Красавиц северных он любит безмятежность, Чело их, чуждое язвительных страстей, И свежесть их лица, и плеч их белоснежность, И пламень голубой их девственных очей.
Он любит этот взгляд, в котором нет обмана, Улыбку свежих уст, в которой лести нет, Величье стройное их царственного стана И чистой прелести ненарушимый цвет.
Он любит их речей и ласк неторопливость, И в шуме светских игр приметные едва, Но сердцу внятные — чувствительности живость И, чувством звучные, немногие слова.
Красавиц северных царица молодая! Чистейшей красоты высокий идеал! Вам глаз и сердца дань, вам лиры песнь живая И лепет трепетный застенчивых похвал!
1832

К СТАРОМУ ГУСАРУ{*}

Эй да служба! эй да дядя! Распотешил старина! На тебя, гусар мой, глядя, Сердце вспыхнуло до дна.
Молодые ночи наши Разгорелись в ярких снах; Будто пиршеские чаши Снова сохнут на губах.
Будто мы не устарели — Вьется локон вновь в кольцо; Будто дружеской артели Все ребята налицо.
Про вино ли, про свой ус ли, Или прочие грехи Речь заводишь — словно гусли, Разыграются стихи.
Так и скачут, так и льются, Крупно, звонко, горячо, Кровь кипит, ушки смеются, И задергало плечо.
Подмывает, как волною. Душу грешника прости!
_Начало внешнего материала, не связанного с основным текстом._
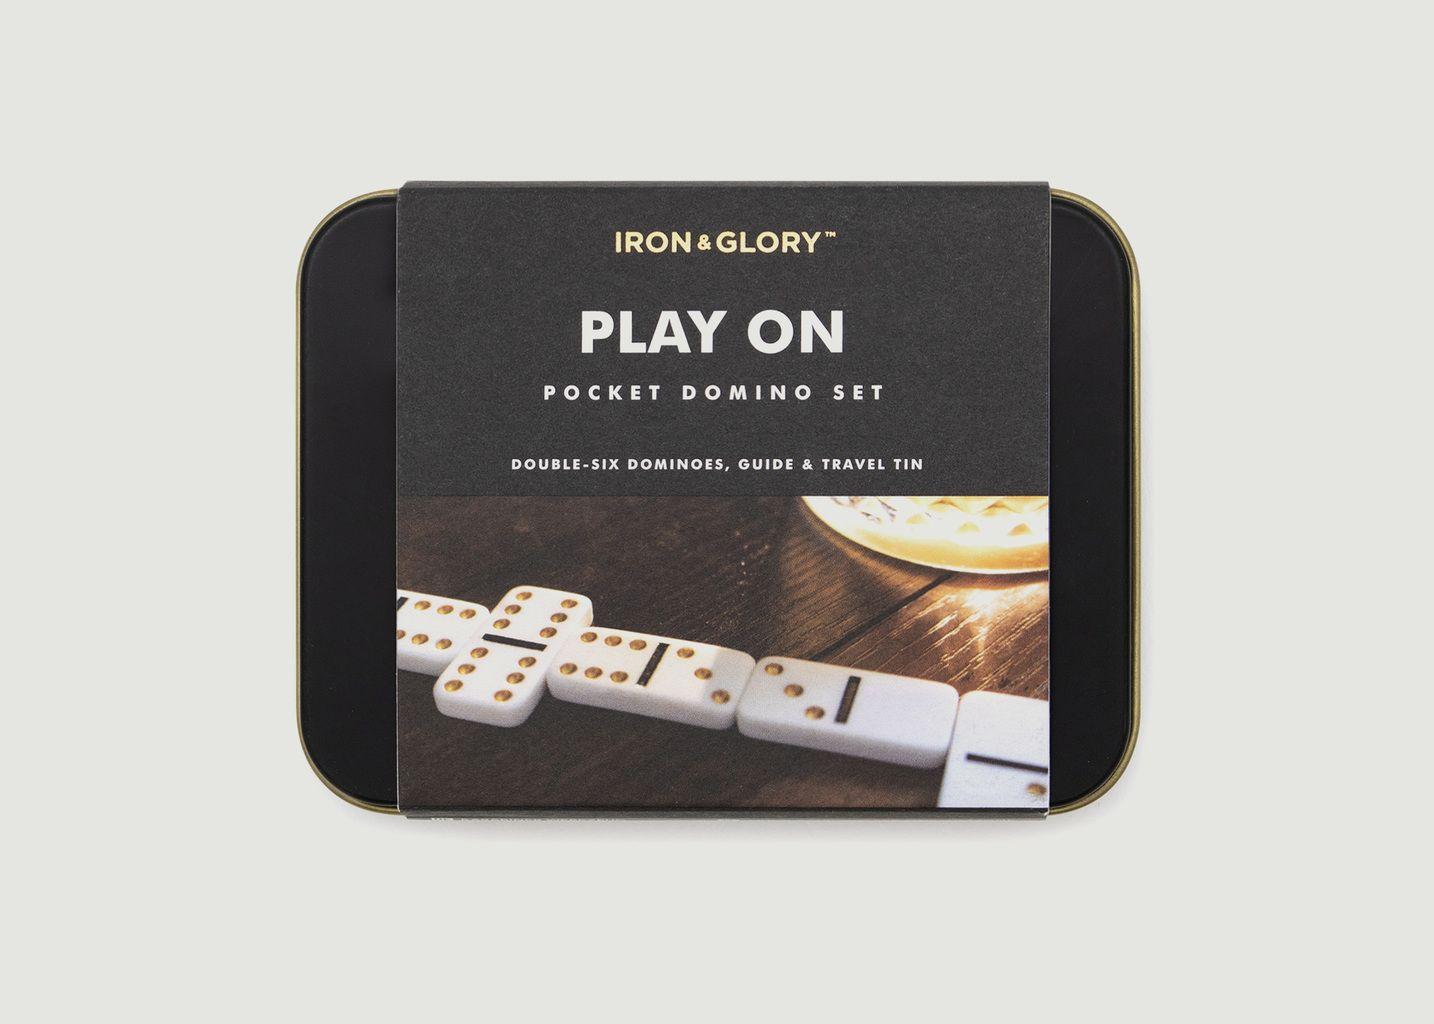 Play on - Mini jeu de dominos pour les voyages  - Luckies

Подпоясавшись, с тобою Гаркнуть, топнуть и пройти.
Черт ли в тайнах идеала, В романтизме и луне Как усатый запевала Запоет по старине.
Буйно рвется стих твой пылкий, Словно пробка в потолок, Иль Моэта из бутылки Брызжет хладный кипяток!
С одного хмельного духа Закружится голова, И мерещится старуха, Наша сверстница Москва.
Не Москва, что ныне чинно В шапке, в теплых сапогах, И проводит дни невинно На воде и на водах, —
Но Двенадцатого года Весела́я голова, Как сбиралась непогода, А ей было трын-трава!
Но пятнадцатого года, В шумных кликах торжества, Свой пожар и блеск похода Запивавшая Москва!
Весь тот мир, вся эта шайка Беззаботных молодцов Ожили, мой ворожайка! От твоих волшебных слов.
Силой чар и зелий тайных Ты из старого кремня Высек несколько случайных Искр остывшего огня.
Бью челом, спасибо, дядя! Спой еще когда-нибудь, Чтобы мне, тебе подладя, Стариной опять тряхнуть.
1832

ПОРУЧЕНИЕ В РЕВЕЛЬ {*}

(Николаю Николаевичу Карамзину)
Николай! Как Олай Заторчит пред тобой, Поклонись ты ему, Изувеченному В поединке с грозой!
Николай! Слушай лай — Моря вой, будто пса На цепи, под скалой, Что ворчит в час ночной, Как дразня небеса!
Николай! Окликай Старика за меня, И седому хрычу — Лысачу-усачу Молви: «Доброго дня!»
От души Почеши Мокрый ус, то-то страсть! И погладь, и похоль, Как заморщится голь, Как запенится пасть.
Экой черт! С борта в борт Как начнет он хлестать Корабли наподхват — Затопить землю рад, Небеса заплевать!
Если ж тих — Как жених, Как невеста-краса; Улыбается он, Сквозь задумчивый сон, И глядит в небеса...
Светел, чист, Серебрист, Чуть волнуется грудь — Миловать бы его, Целовать бы всего И на нем бы заснуть!
Стонет он, — А сей стон Так душе постижим, Звуки так хороши, Что все звуки души В песнь сливаются с ним!
Я стоял, Я внимал Этой музыке волн, — И качалась душа По волнам, чуть дыша, Как на якоре челн.
А маяк? Точно в мрак Втиснут красный янтарь; Позадернется вдруг, То запышет вокруг, Как волшебный фонарь.
А скалы? Как скулы Этой пасти морской! Штрихберг, Вимс, Тишерт, Фаль! Дай мне кисть, Рюисдаль, Дай сравниться с тобой!